Friday, June 19, 2009

molly's meme

molly (my very first follower) made up a meme. all by herself. and i mean, why not? someone's got to do it, right? well, she didn't actually tag me for it, but i'm going to do it anyway because i'm the fairy blogmother and i can do stuff like that. and plus, i'm going to pick up my blog campers today and so it makes for an easy scheduled post.

totally gratituous rock shot

here's what molly says about her brand spankin' new meme:

I've always had the problem of not being able to pick a favourite. I don't have one favourite movie or one favourite book, or one favourite food. Life's just a bit more complex than that for me. I'm 75% Gemini  - go figure.


So the idea here is that you list 5 items in each category, a favourite 5 - but not necessarily in order of favouriteness - to show the diversity/similarity/hilarity/polarity/ or extreme same-ness of your personal likes.

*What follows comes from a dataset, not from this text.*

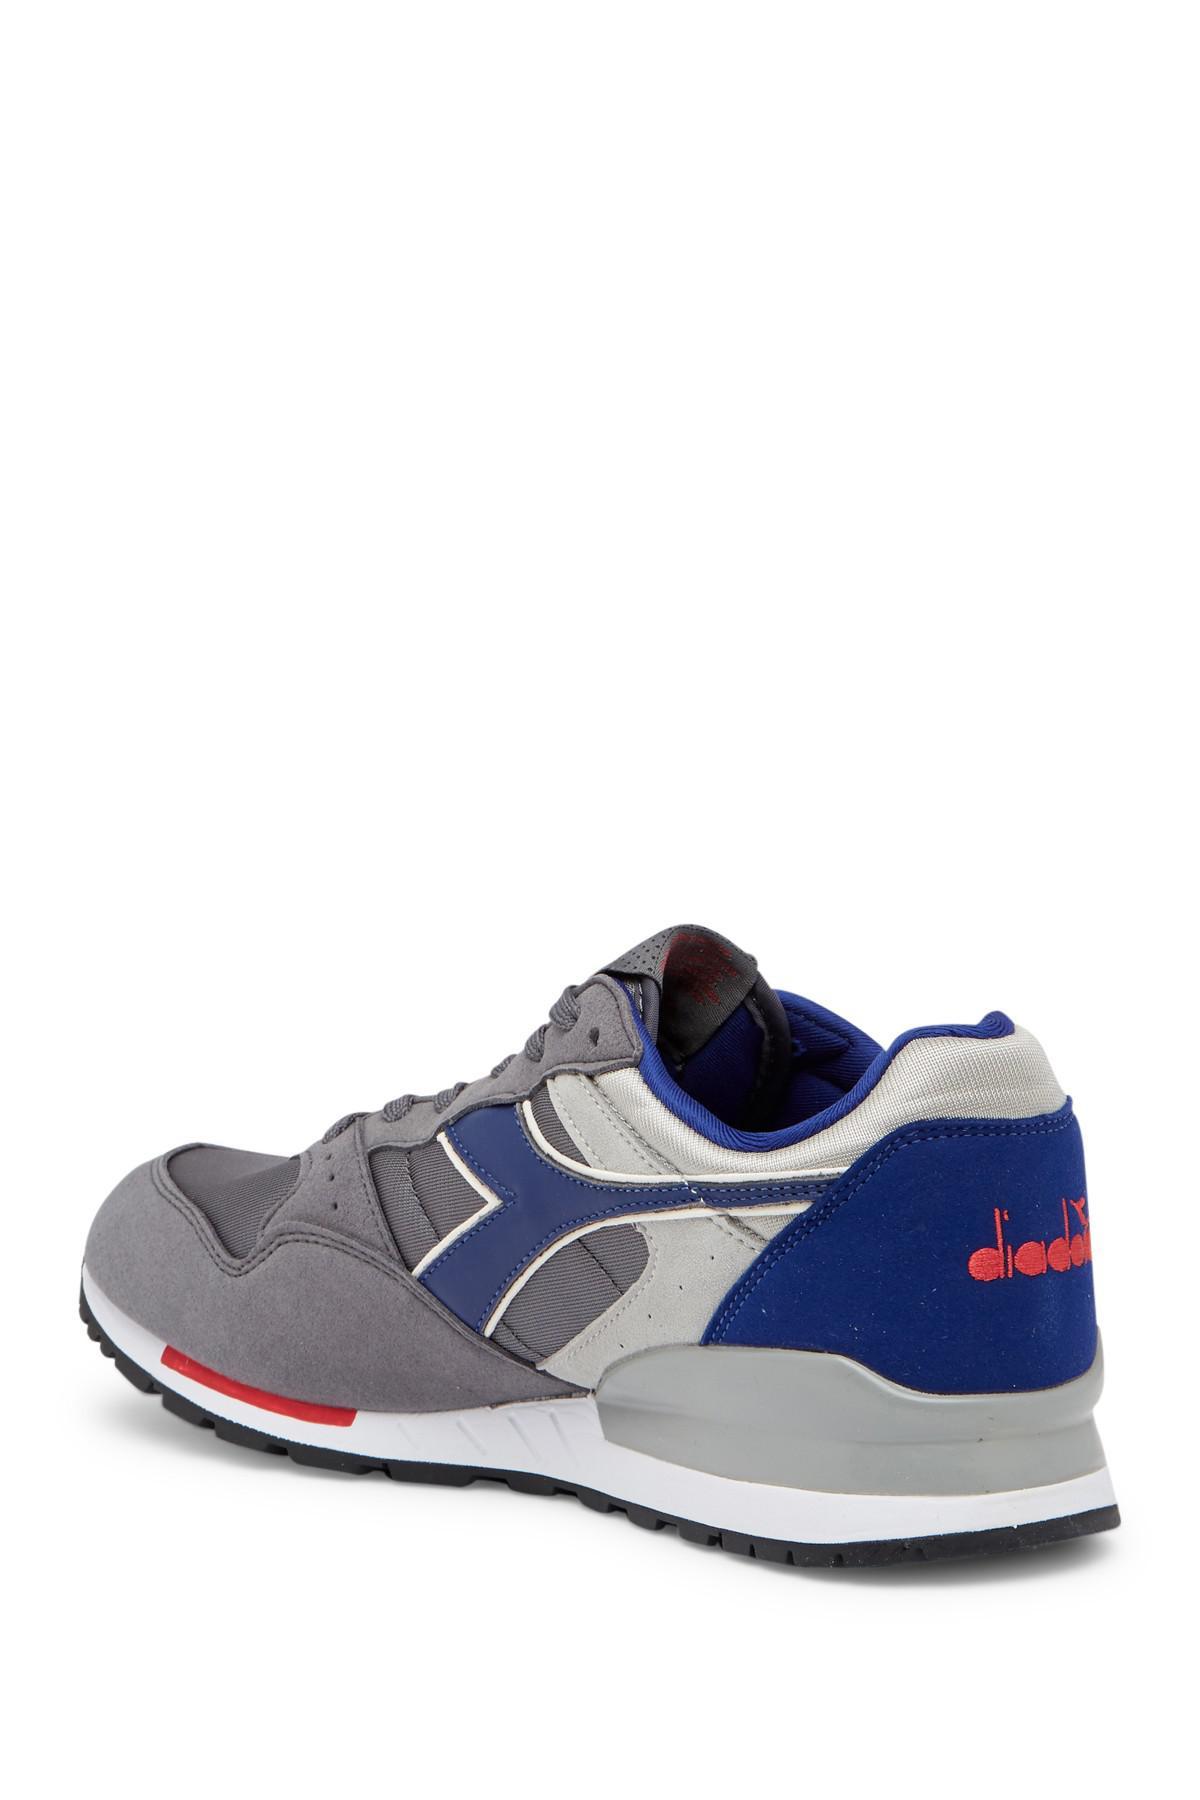 Lyst Diadora Intrepid Nylonleather Sneaker in Blue for Men
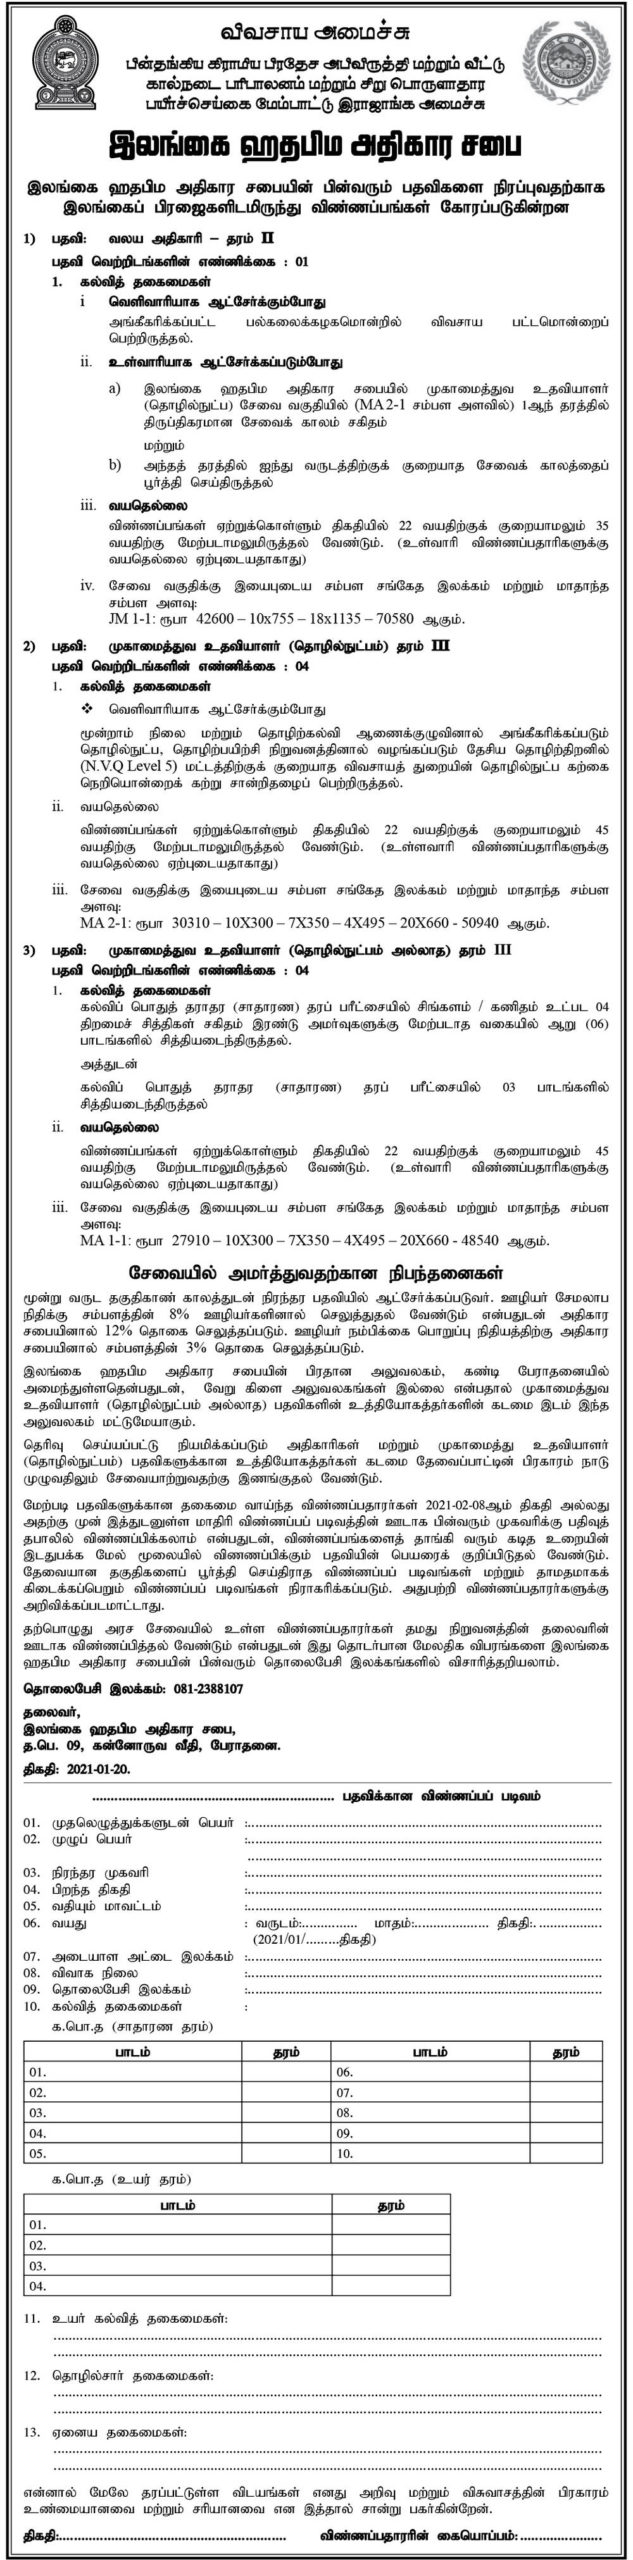 Zonal Officer, Management Assistant - Hadabima Authority Of Sri Lanka

And then tag 5 peeps to do the same. And feel free to add or subtract categories as you like.
Down with meme imperialism!

and here are my favorite things....

5 favorite songs (this list would be different if you asked me in an hour or a day):
1. Hotel California - Eagles
2. I think I'm in Love - Beck
3. Citizen of the Planet - Alanis Morissette
4. Express Yourself - Madonna (this song saw me through a bad breakup)
5. My Sister - Juliana Hatfield 3

5 favorite films:
1. Fargo
2. The Princess Bride
3. Afgrunden (The Abyss) (1911 danish silent film--i loved it before i ever even came to denmark)
4. The Castle (it's a hilarious australian film)
5. Napoleon Dynamite
i had total deja vu writing this...but i think it's b/c of saturday's scheduled post (another meme).

5 favorite books:
1. Pushkin House (Pushkinskii Dom) - Andrei Bitov
2. The Corrections - Jonathan Franzen
3. Wind up Bird Chronicle - Haruki Murakami
4. Love in the Time of Cholera - Gabriel Garcia Marquez (just kept this one here from molly's list)
5. What I Loved - Siri Hustvedt

5 favorite crushes (there is a distinct old man theme going on here):
1. David Letterman
2. Hugh Laurie
3. Bill Clinton
4. Todd Benjamin (saw him moderate a panel last week at Nor-Shipping--i'm a sucker for a smart one)
5. Fox Mulder (yes, i realize he is a character played by David Duchovney, however, it's Fox, not David that I'm crushing on.)

5 favorite (random) things:
1. my pet rock
2. perfume
3. iPods
4. my Macbook Pro
5. iPhone

5 favorite things to eat (you knew i was going to have to add one of my own):
1. mango (especially in the philippines)
2. salty almonds
3. homemade pizza with wacky ingredients (pears & salad - potatoes & chicken)
4. watermelon
5. tapas - garlic shrimp, chorizo,...mmm, just thinking about it makes me hungry

and i thought that i would tag three new bloggers that have discovered me i've discovered recently and two old friends:

1.  just jules
2.  marinik
3.  delwyn 
4.  an open heart
5.  janet

and one more gratuitous rock shot, mostly because i put these on flickr the other day, but never blogged them:

Thursday, June 18, 2009

the god(desse)s of the blogosphere have been kind


some calm, restful images to help calm my mounting excitement over the impending arrival of blog camp.  tomorrow around noon, extranjera, B, polly, seaside girl and kristina will either arrive or meet me at the copenhagen airport. all of the last preparations are being made, the cleaning girl is here, and i'm feeling ready. but i definitely can't sit still. in some ways, it's quite extraordinary and remarkable that this is really happening. an idea thrown out one sunday on a whim, now coming to fruition.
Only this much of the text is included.